MOSCOW, October 2. /TASS/. Pregnant women and children will not participate in post-registration trials of a vaccine against the coronavirus developed by the Vector State Research Center of Virology and Biotechnology, the press service of the Federal Service for Surveillance on Consumer Rights Protection and Human Wellbeing told TASS on Friday.
"Post-registration trials of the EpiVacCorona vaccine in pregnant women and children are not planned. <...> Clinical trials with the participation of children are possible only after clinical trials on adult volunteers are completed. When studying the preparation, it is necessary to implement a staged research, beginning with the oldest age group: 15-17 years of age, 10-14 years of age, 6-9 years of age, 2-5 years of age, 7-24 months, first 6 months of life," the statement said.
Therefore, six clinical trials with the participation of children, decreasing the age of volunteers, can be conducted successively only after the vaccine is approved for use on adults.
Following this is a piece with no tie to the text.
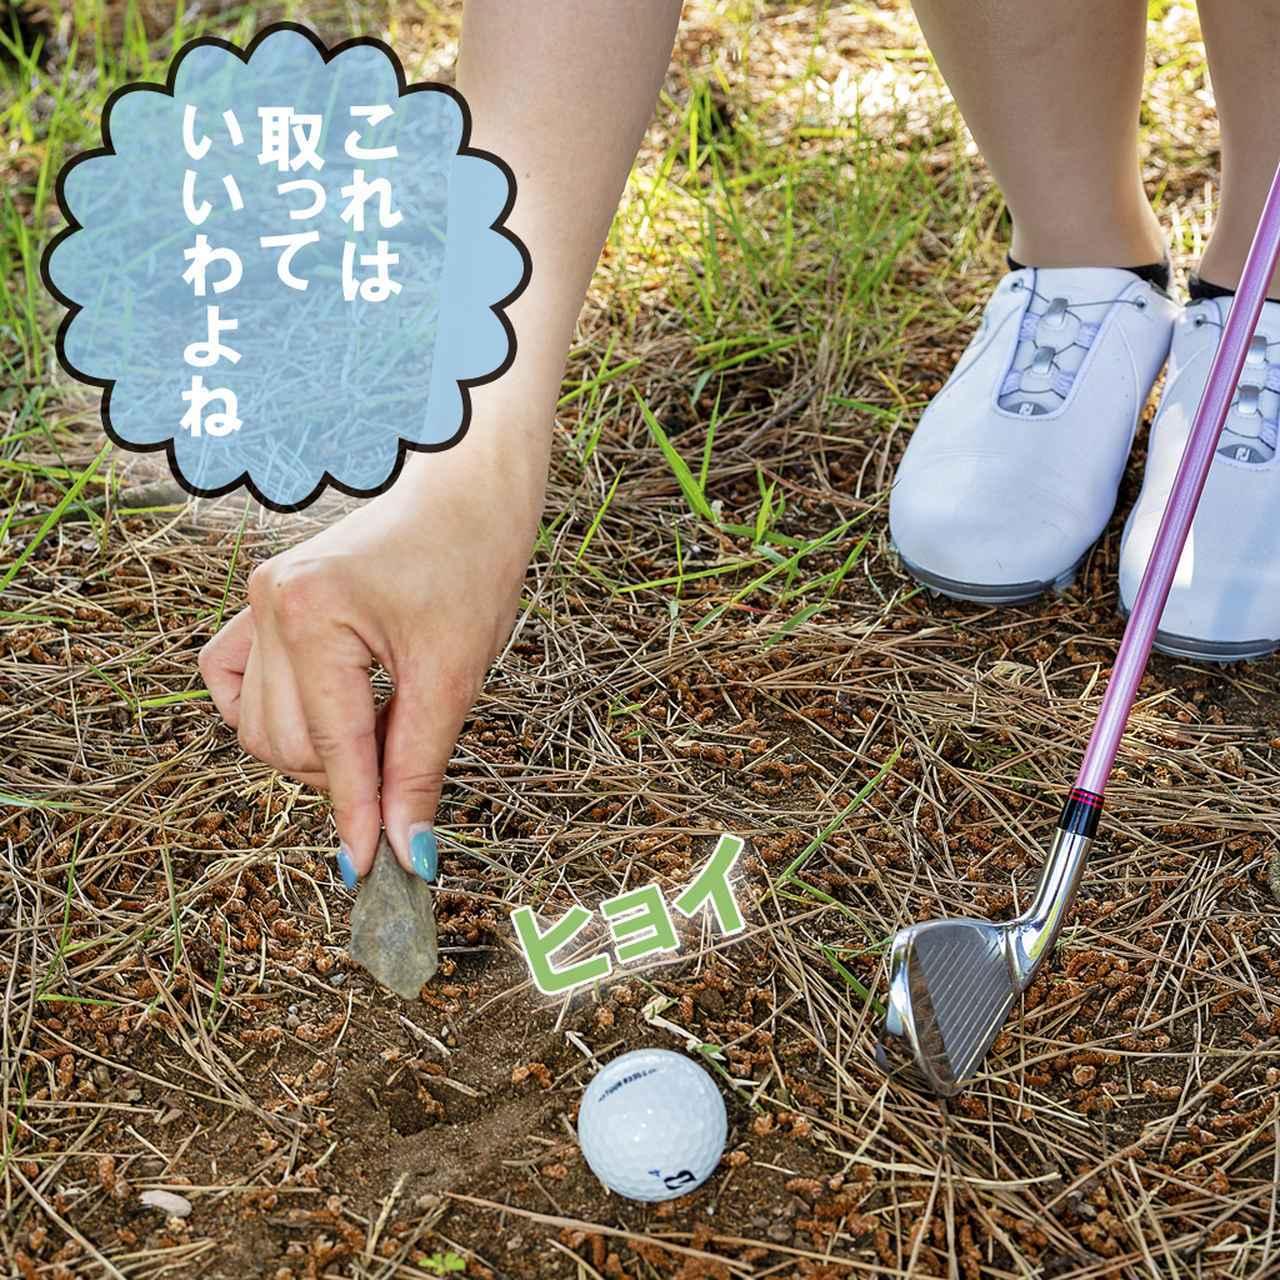 画像3: 【ルール】ボール後ろの邪魔な石、土に軽く埋まっているけど、これって取り除ける?

In order to conduct trials in pregnant women it is necessary to finish the studies of reproductive toxicity on animals first. According to the agency, they will be completed this December. "To date, no toxic effect of the EpiVacCorona vaccine after single and double injection in animal trials has been detected," the agency noted.
The Vector Research Center on July 24 obtained the Healthcare Ministry’s permit to conduct clinical trials of its vaccine on volunteers. The first volunteer was inoculated on July 27. The final group of 20 volunteers was discharged from an inpatient facility on September 8. Top sanitary doctor Anna Popova has also reported that clinical trials of the vaccine were completed on September 30. The registration procedure of the vaccine is planned to be completed by October 15.